News: India's middle class to reach 583 m by 2025-report
(RTR 03/05/2007) New Delhi - India's middle class will reach 583 million from the current 50 million by 2025 if high economic growth holds and the government undertakes reforms, a report by management consultancy firm McKinsey said on Thursday.
It also said if India's high economic growth were sustained, incomes would triple over the next two decades and India would become the fifth-largest consumer market by 2025, from 12th place now, surpassing Germany.
"The emergence of a huge middle class is not a question of if but when for India," Adil Zainulbhai, country managing director of McKinsey and Company, was quoted as saying in a statement.
"Indian incomes will almost triple if the government forges ahead on a systematic reform programme, promotes competition, contains the fiscal deficit and inflation and invests in infrastructure, healthcare and education."
India, Asia's fourth-largest economy, has grown at an average 8.6 per cent in the past four years, and the central bank forecasts it will expand 8.5 per cent in the fiscal year to next March.
McKinsey said its forecasts assumed real compound annual growth of 7.3 per cent from 2005-2025.
Data about who and how many constitute India's expanding middle class is hard to come by in a country where only 32 million of the 1.1 billion population pay income tax.
But their swelling ranks are the force behind rising domestic demand and forecast 9.2 per cent economic growth in 2006/07.
McKinsey defined the middle class as households with annual disposable income of $4,380-21,890, which totaled 13 million households or 50 million people in 2005.
It said average real rural income growth per household would accelerate to 3.6 per cent a year over the next two decades from 2.8 per cent in the previous 20 years.

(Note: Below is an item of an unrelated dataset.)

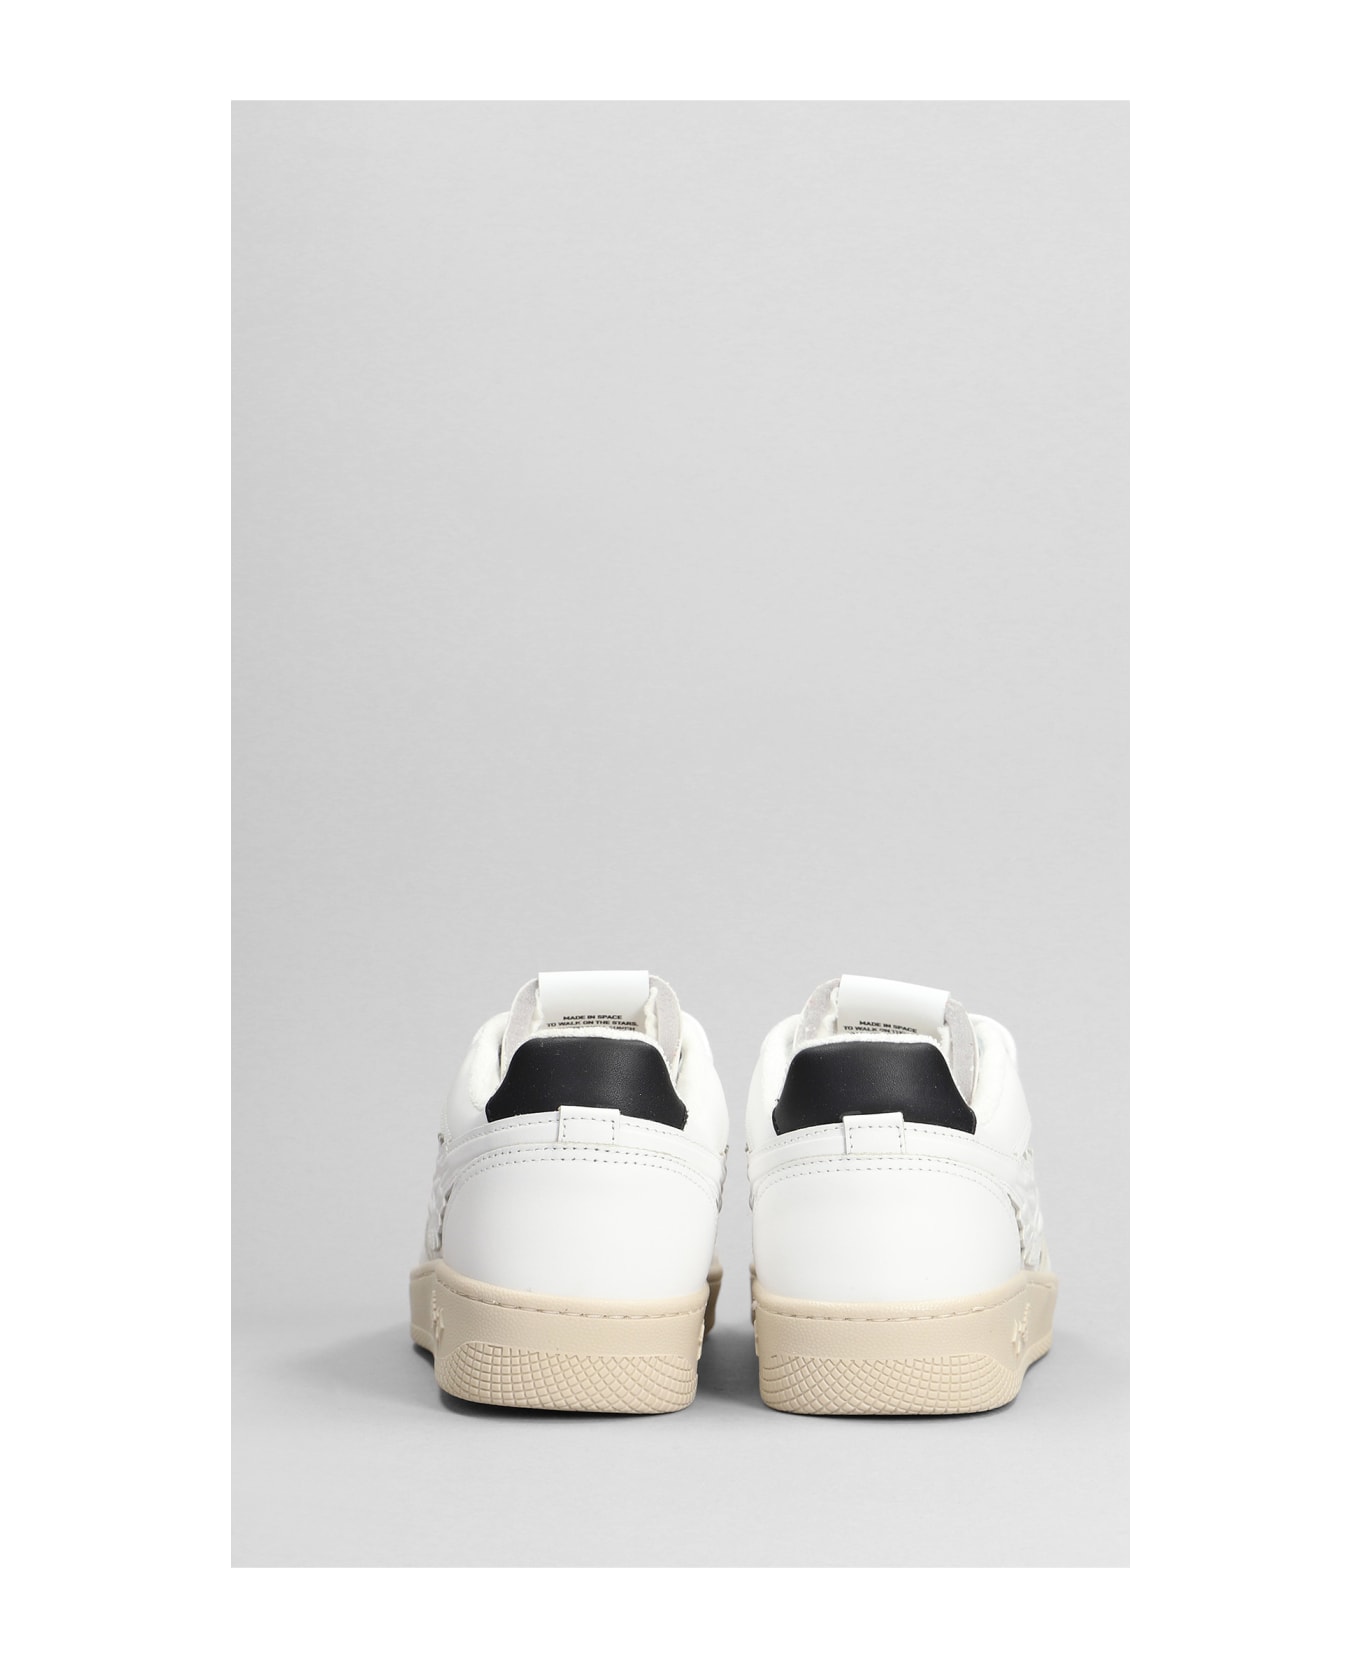 Enterprise Japan Sneakers In White Leather - White
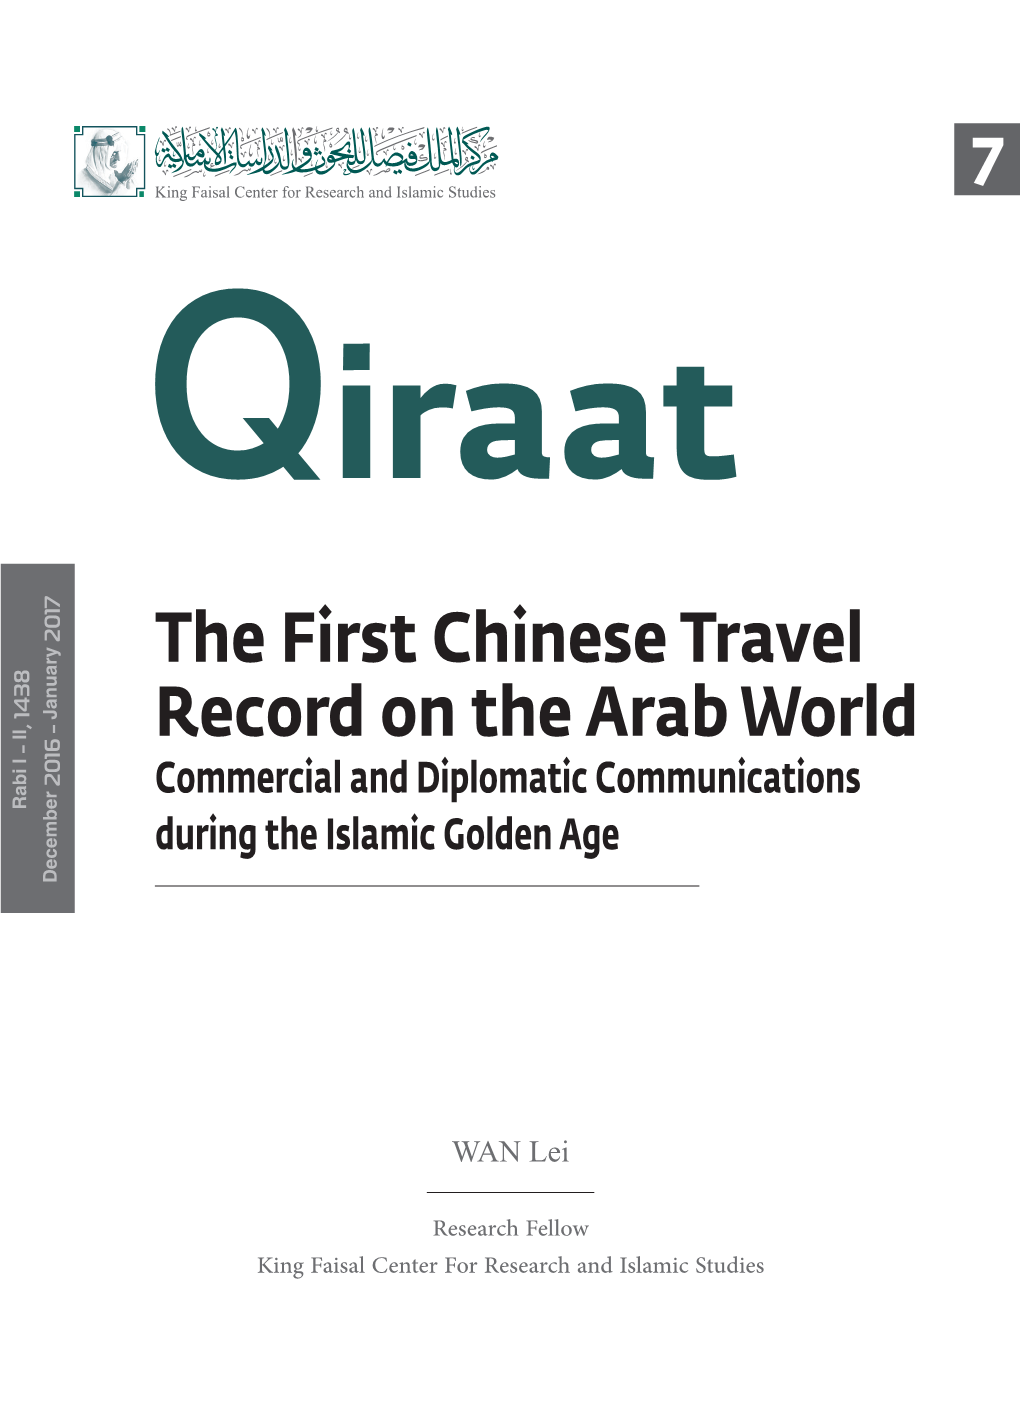 The First Chinese Travel Record on the Arab World Commercial and Diplomatic Communications During the Islamic Golden Age

Consumption in rural areas would reach the current average urban household level by 2017, it said.
Overall average real household disposable income would reach Rs 318,896 ($7,740) by 2025 from 113,744 in 2005, a compound annual growth rate of 5.3 per cent.
"The upcoming changes in the Indian consumer market offer substantial opportunities and challenges for Indian and multinational businesses alike," Subbu Narayanswamy, a partner at McKinsey was quoted as saying.
India has seen high growth in sales of cars and mobile phones in the past couple of years, with the total number of wireless subscribers up 68 per cent to 166 million in March from the same month in 2006.
Domestic car sales topped 1 million units in 2006/07.
Shopping malls are springing up in major cities like New Delhi and Mumbai, and signs of increasing prosperity are visible in the rising number of luxury foreign cars on the roads.
In rural India, however, bullocks and camels often pull carts, while tractors frequently double as transport for workers returning from the fields.
McKinsey said income growth would be the biggest driver of increasing consumption, rather than a change in savings behaviour or population growth, and by 2025, consumers in urban areas would be responsible for 62 per cent of consumption even though they were only likely to represent 37 per cent of the population.